The two “managers” were managers in title only. They were really ranch hands … very well-paid ranch hands. With salary and bonus, each was paid $70,000/year before benefits. (What the bonus was for no one could remember. But the owner feared if she withheld the bonus the employees would see it as a pay cut.)

The owner came to the Ranching For Profit School in desperation and left with hope. That hope turned into frustration when the managers resisted the changes she wanted to make. Their resistance was predictable. They had a sweet deal and, based on the track record of threats with no consequences, it was natural for them to think that there’d be no follow through.

Not one to give up, the owner brought her two managers to the school and attended for a second time herself. I remember the managers because they sat through most of the week with their arms crossed. They seemed to see every new idea as a threat. They had no interest in learning stock flow planning or projecting enterprise gross margins.

The owner joined Executive Link (EL). After explaining the situation to her board, she was advised to fire her managers and hire a real manager. She was afraid to let her guys go, asking, “What if I can’t find anyone better?”

Her EL board pointed out that, if she eliminated the cost of her two employees and let someone graze the ranch for free, she’d lose less money than she was currently losing. With this as the worst-case scenario, she fired her guys. Within a couple of months, she hired a young man who didn’t have much in the way of managerial credentials but had outstanding character references and a reputation as a go-getter.

She and her new manager attended the next RFP school and they crafted a plan to turn things around. As the manager put it, “We made million-dollar changes.” Within two years they’d turned the >$200,000 economic loss into a >$200,000 economic profit!

Here’s the rest of the story:

As soon as the ranch started to make money other family members wanted their share. Owners started to fight and threaten one another. A few years later, still unable to agree, they sold the ranch.

As you might guess, the manager had no trouble landing a position on another ranch. He helped turn it from a money pit into a profitable business too. He started there with a salary of about $90,000 (before benefits). He called me about a year ago because he was about to renegotiate his contract. He wanted to know what other competent managers in his area were getting paid. That was a hard question to answer because there aren’t very many competent ranch managers from which we can draw meaningful comparisons. Most of the people we call ranch managers don’t manage. They don’t budget. They don’t plan. They don’t empower employees or know how to hold them accountable. In short, they don’t do managerial work, they don’t produce managerial results and they aren’t paid managerial wages.
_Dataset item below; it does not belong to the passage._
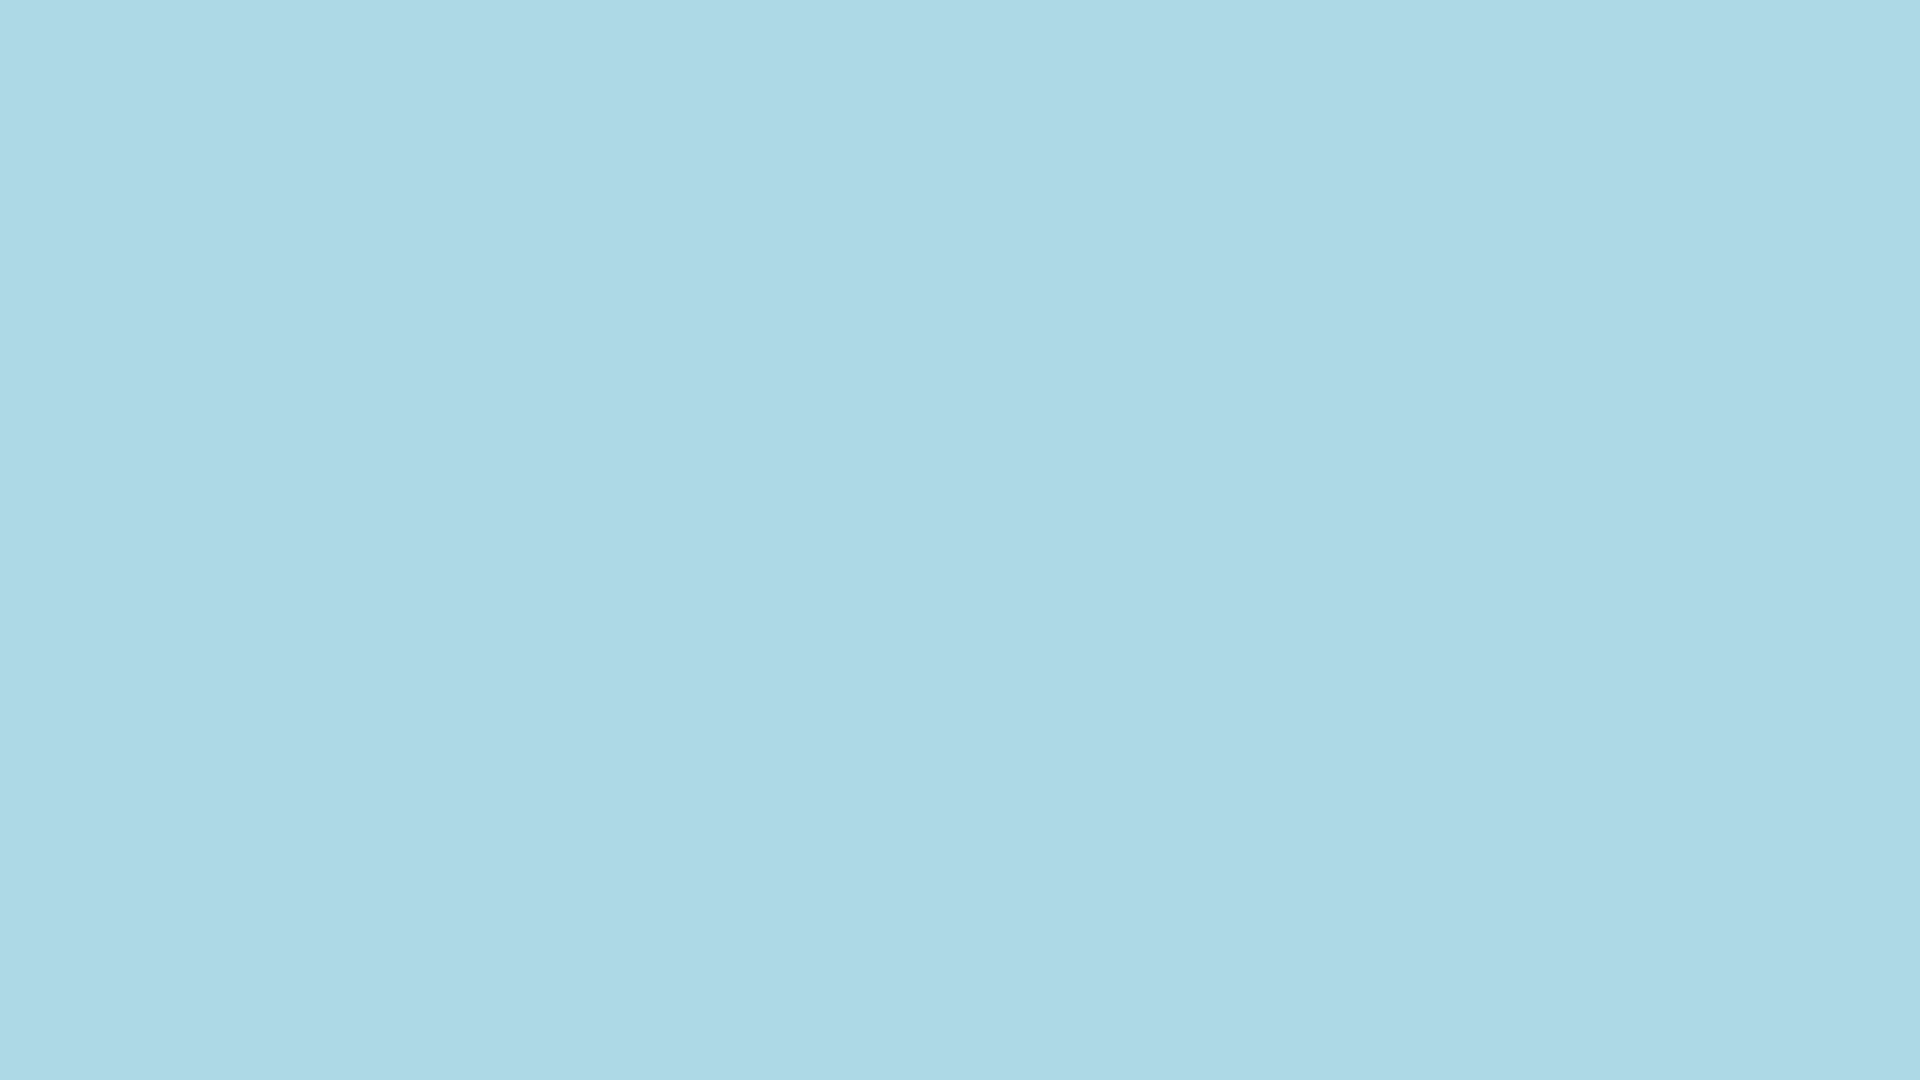 1920×1080-light-blue-solid-color-background
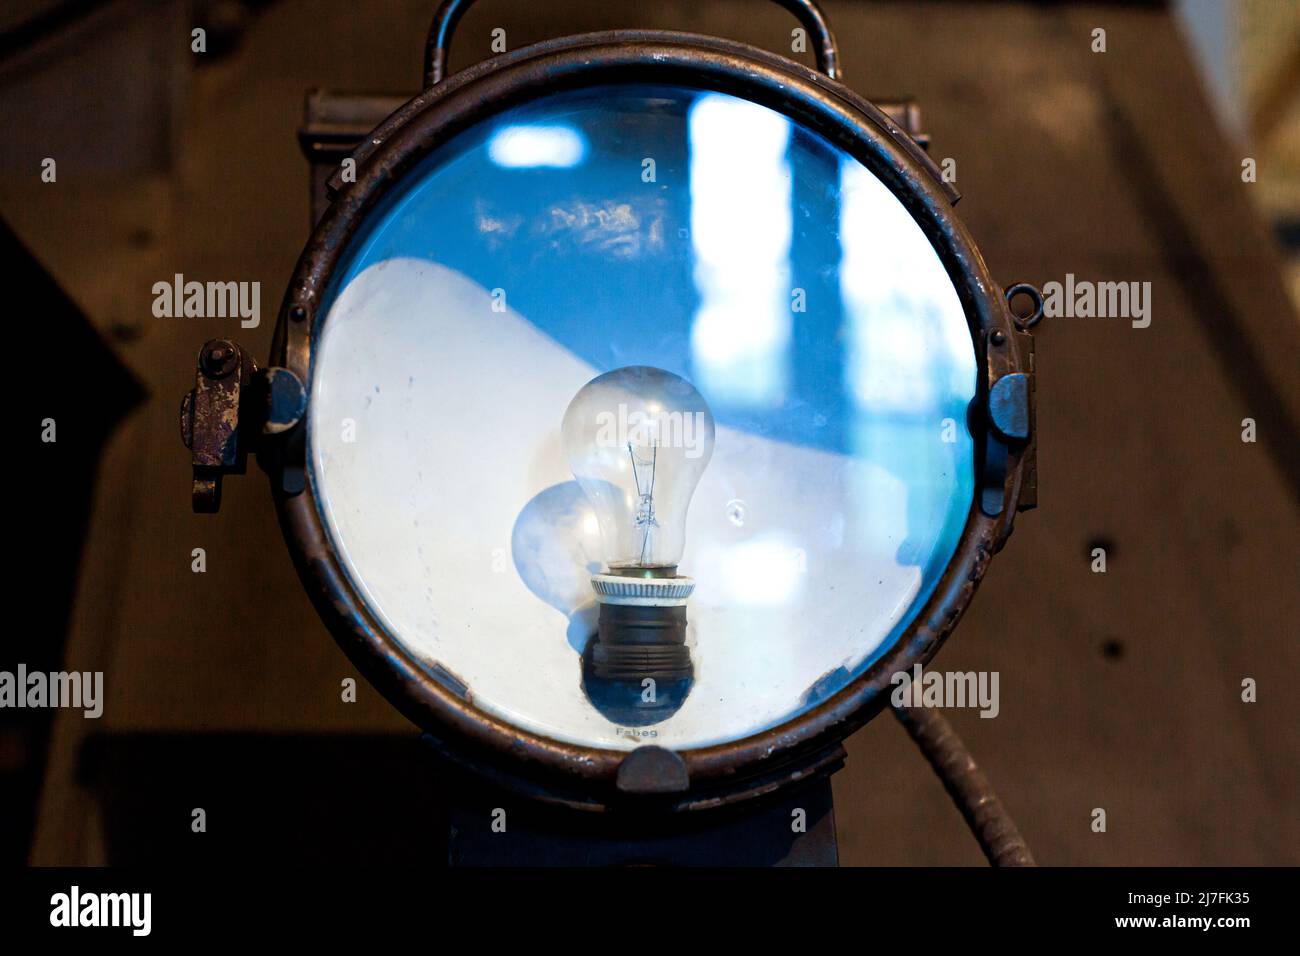 Прожекторы локомотивов. Лампа прожектора электровоза. Лампа прожектора тепловоза. Паровозный прожектор. Как называется прожектор у Локомотива.

Of course, there are unique aspects to this, as there are with any story. But there are lessons here from which we can all benefit:

  1. You won’t make big changes successfully if you don’t have buy in from EVERYONE on your team.
  2. Every business needs a clear definition of its mission. All owners must be in agreement on the mission. The mission must include a statement of owner value in enough detail so that owner value can be quantified and measured. Without that, monetary success may be short-lived.
  3. Calling someone a manager doesn’t make them a manager.
  4. The financial rewards for competent management in ranching are similar to the compensation paid to competent managers in other professions … and make no mistake, competent managers think of ranching as a profession.

There is a HUGE need for good ranch managers. Competent ranch managers are in high demand and in short supply. Ranch management is a challenging and very rewarding profession. This should be good news for young people who want to get into ranching.

7 Comments

  • John Marble says:

    This is a great story. A real storybook ending would have been if your original client had taken her share of the ranch sale and her manager and bought another mismanaged ranch project. Still, all very inspiring for young folks.

  • Wade Marshall says:

    Very honest and good read

  • Kalyata kambangaji says:

    Very touching and an inspiration to me

  • Christopher says:

    Great and so enlightening.

  • Kent Hanawalt says:

    Again, Dave, a very good distinction between those who have the TITLE of “manager”, and those qualities which define a REAL manager – those characteristics that I define as a “strategic manager”.

    Such important work you are doing!

  • Derek says:

    that story hurts my heart, the part where hard work and profit gets the rug ripped out from under you
    but it makes me think of the question: I have good news and bad news, which one do you want first? Most people choose the bad first, to get it out of the way, and move on.